- Provided material:
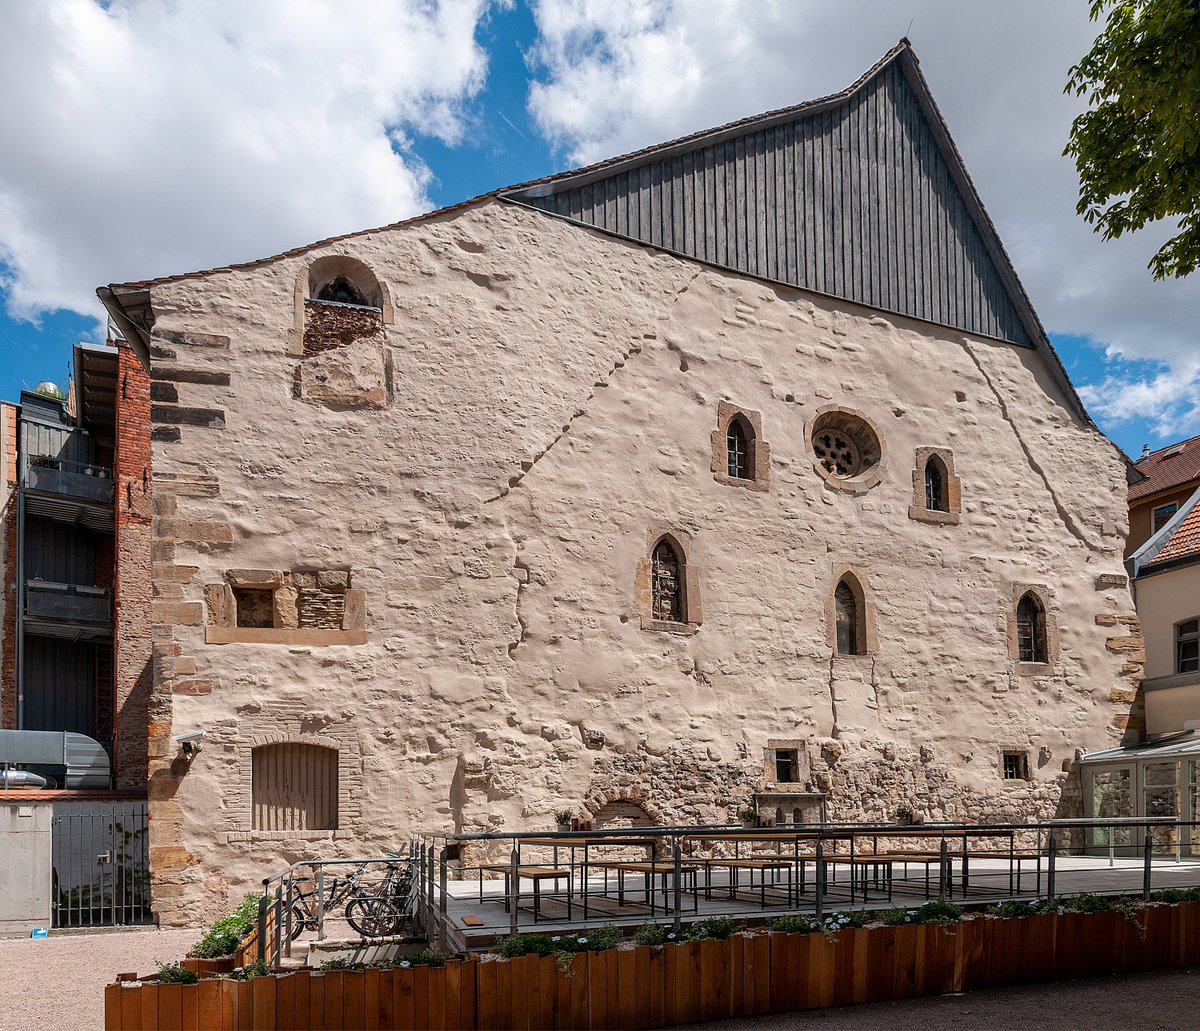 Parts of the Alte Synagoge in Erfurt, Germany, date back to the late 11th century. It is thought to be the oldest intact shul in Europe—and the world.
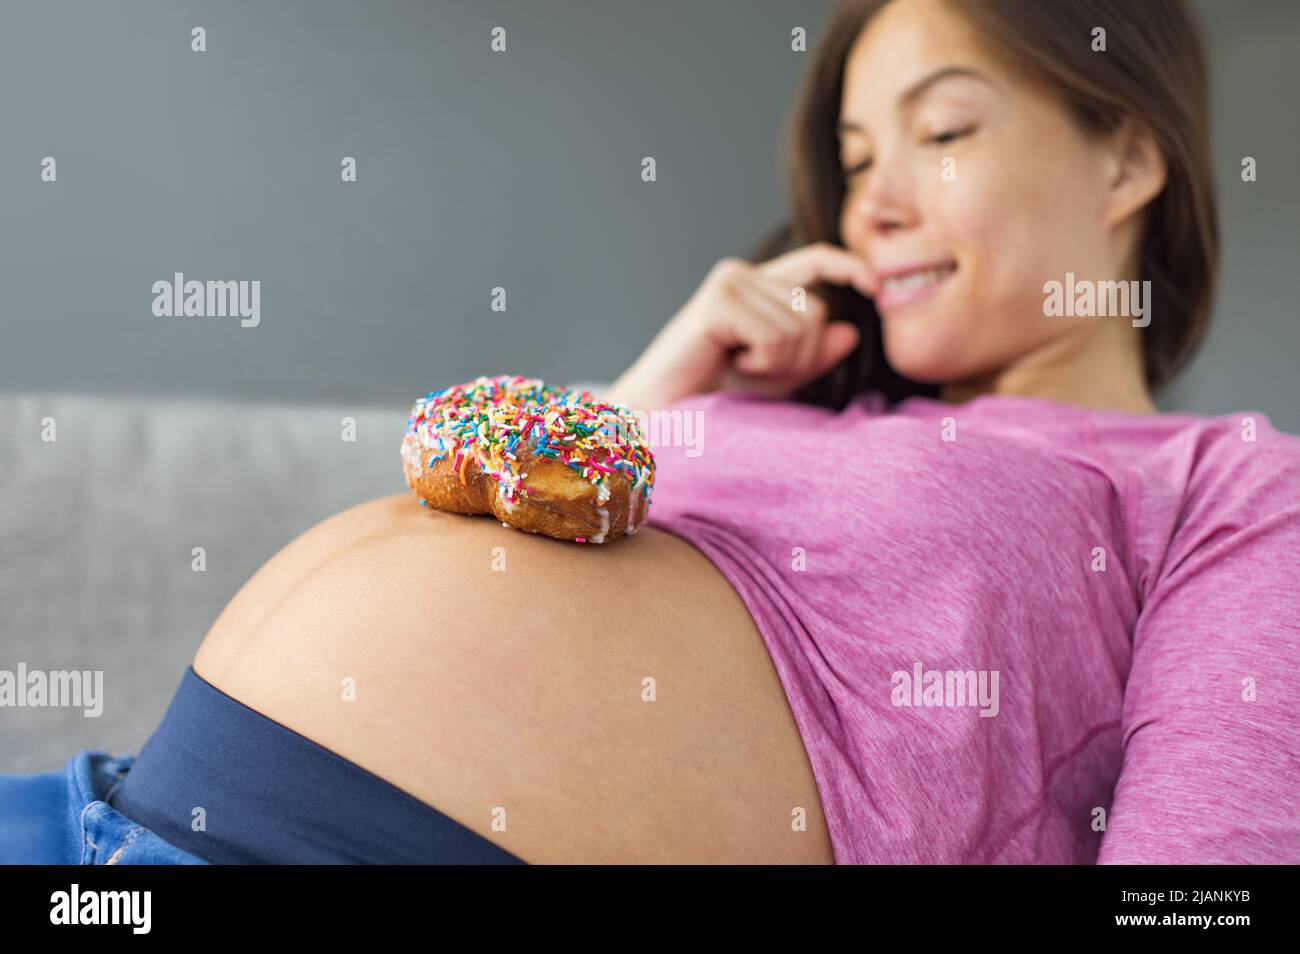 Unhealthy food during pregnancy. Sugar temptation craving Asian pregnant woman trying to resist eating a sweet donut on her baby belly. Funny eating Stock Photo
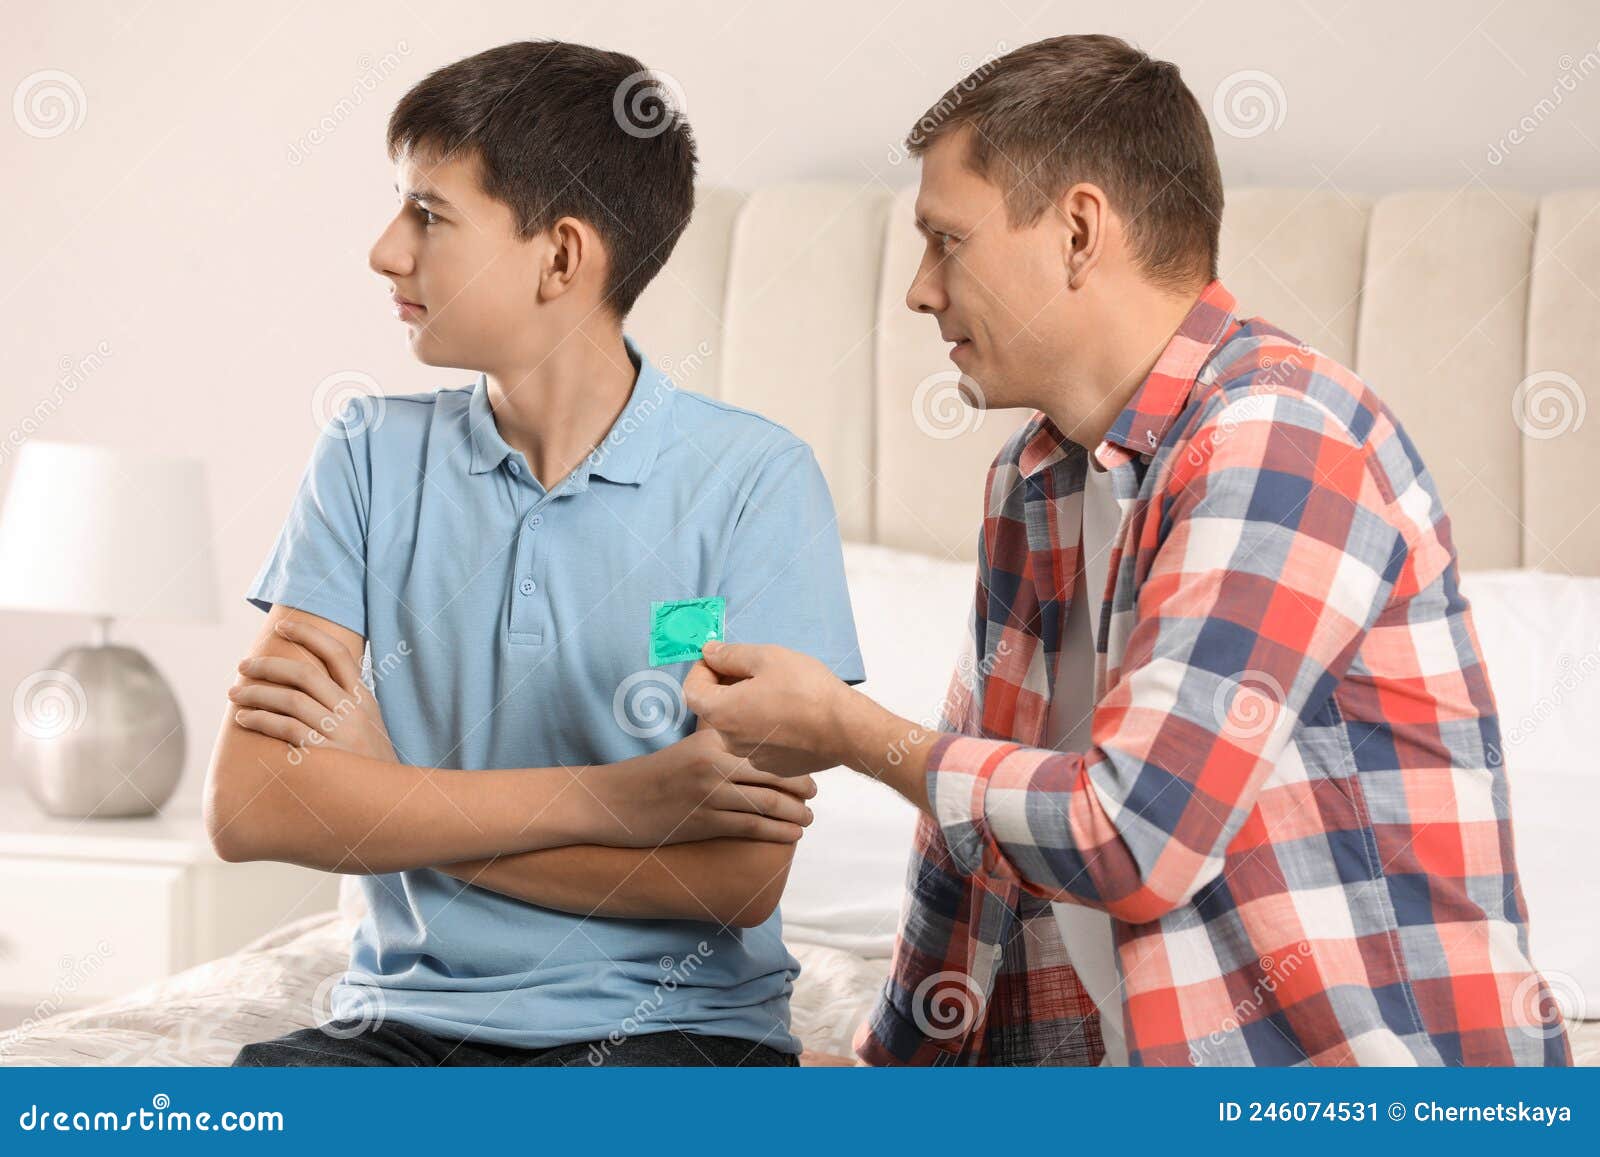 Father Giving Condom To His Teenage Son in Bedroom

- What you should do:
Once the pictures are removed, copy the material above exactly.

- Response:
 Parts of the Alte Synagoge in Erfurt, Germany, date back to the late 11th century. It is thought to be the oldest intact shul in Europe—and the world.
 Unhealthy food during pregnancy. Sugar temptation craving Asian pregnant woman trying to resist eating a sweet donut on her baby belly. Funny eating Stock Photo
 Father Giving Condom To His Teenage Son in Bedroom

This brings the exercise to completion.